The following outlines a method of distributing an OpenGL model across a number of computers each with their own OpenGL rendering card. The OpenGL model might be distributed using MPI from a controlling machine (that need not have OpenGL capabilities). Each of the slaves render a subset of the geometry and send their draw buffers and depth buffers back to the controlling machine. These images are combined according to the values in their depth buffers.
While tremendous performance improvements (especially price performance) are being made in OpenGL cards, there will always be geometric models that bring the best card to it's knees. For example, a high performance card might be able to render 15 million triangular facets per second. For interactive rates of 20 frames per second this means that one can display geometry with 750,000 polygons, if one wishes to render in stereo that drops to models with 375,000 triangular polygons. While this might seem a large number of polygons for those in the virtual reality or games market, it is a relatively low polygon count for many scientific visualisation applications. As an example, the terrain model shown below of Mars contains over 11 million triangular polygons.
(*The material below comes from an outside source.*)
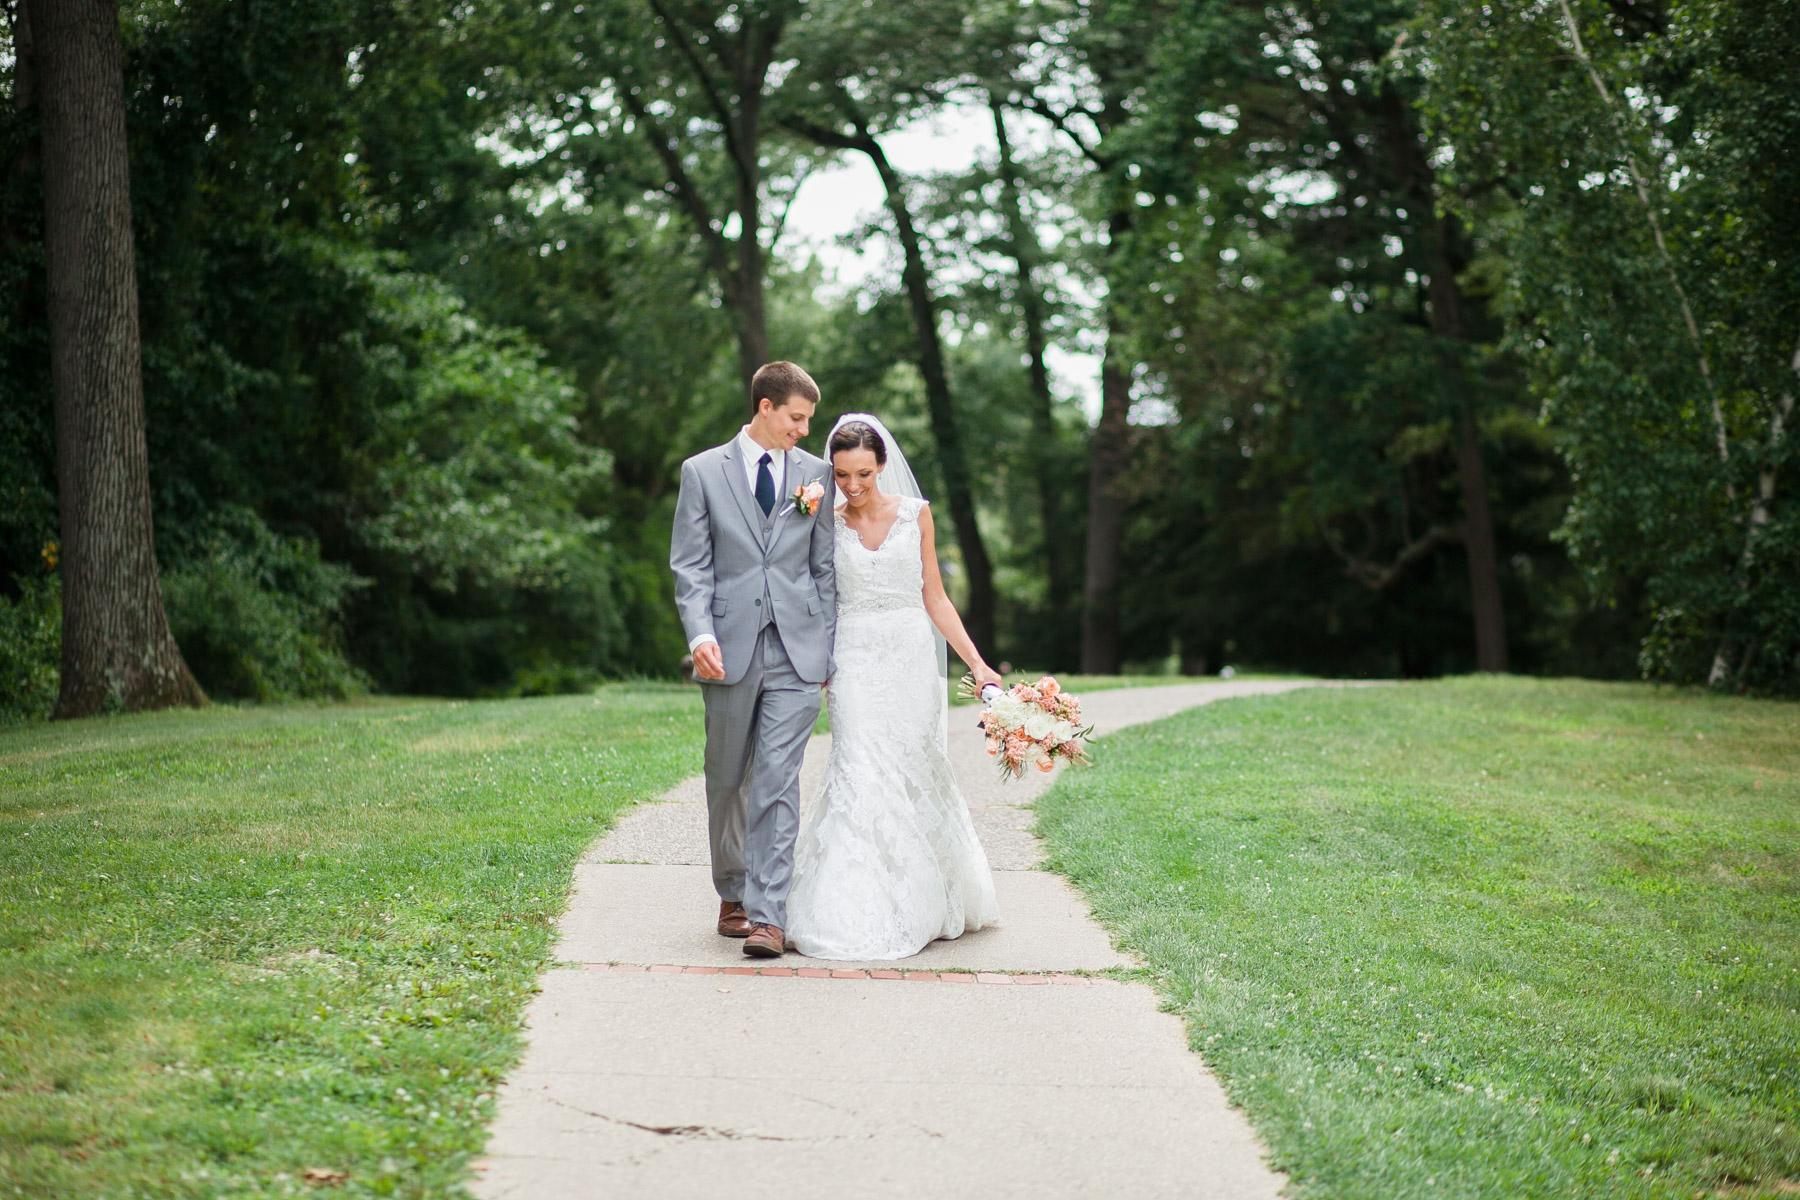 wildwood-park-wedding-photos-68.jpg

A solution that follows the trends in cluster computing is to distribute the OpenGL rendering load among a number of machines. Fortunately, OpenGL maintains a depth buffer and this buffer is accessible to the programmer using glReadPixels(). The idea then is to split up the geometry making up the scene and distribute each piece to one OpenGL card, generally each card will be in a separate computer. Each card will then only need to render a subset of the geometry. For example, for a terrain model it is quite easy to split the polygons up evenly (the splitting of the geometry so that each OpenGL card is evenly loaded is not always trivial) so if there are N machines, each one only handles 1/N of the total number of polygons.
Each OpenGL card then renders it's portion of the geometry and sends the image and depth buffer to be merged into the final image. The logic for this is straightforward, set a pixel in the final image to the pixel in the subimage which has the smallest depth value, ie: is closest to the camera.
Part 1 | |
Part 2 | |
Part 3 | |
Composited image |
The fundamental problem with this technique is bandwidth. Consider rendering a 800 x 600 RGB model at 20 frames per second. There are 3 bytes for each image pixel and 4 bytes for each depth buffer pixel. So to transmit an image/depthbuffer pair from one machine to another requires (3 + 4) * 800 * 600 bytes or just over 3MB. For interactive performance at 20 frames per second this requires a bandwidth of 60MB per second which is clearly more than the capabilities of all but the very highest performance networks. To make matters worse even higher bandwidth is required the more OpenGL cards participate in the rendering although bandwidth bottlenecks can be reduced by arranging the OpenGL cards/machines in a tree structure and combining the image/depthbuffer pairs as the image pieces move up the tree.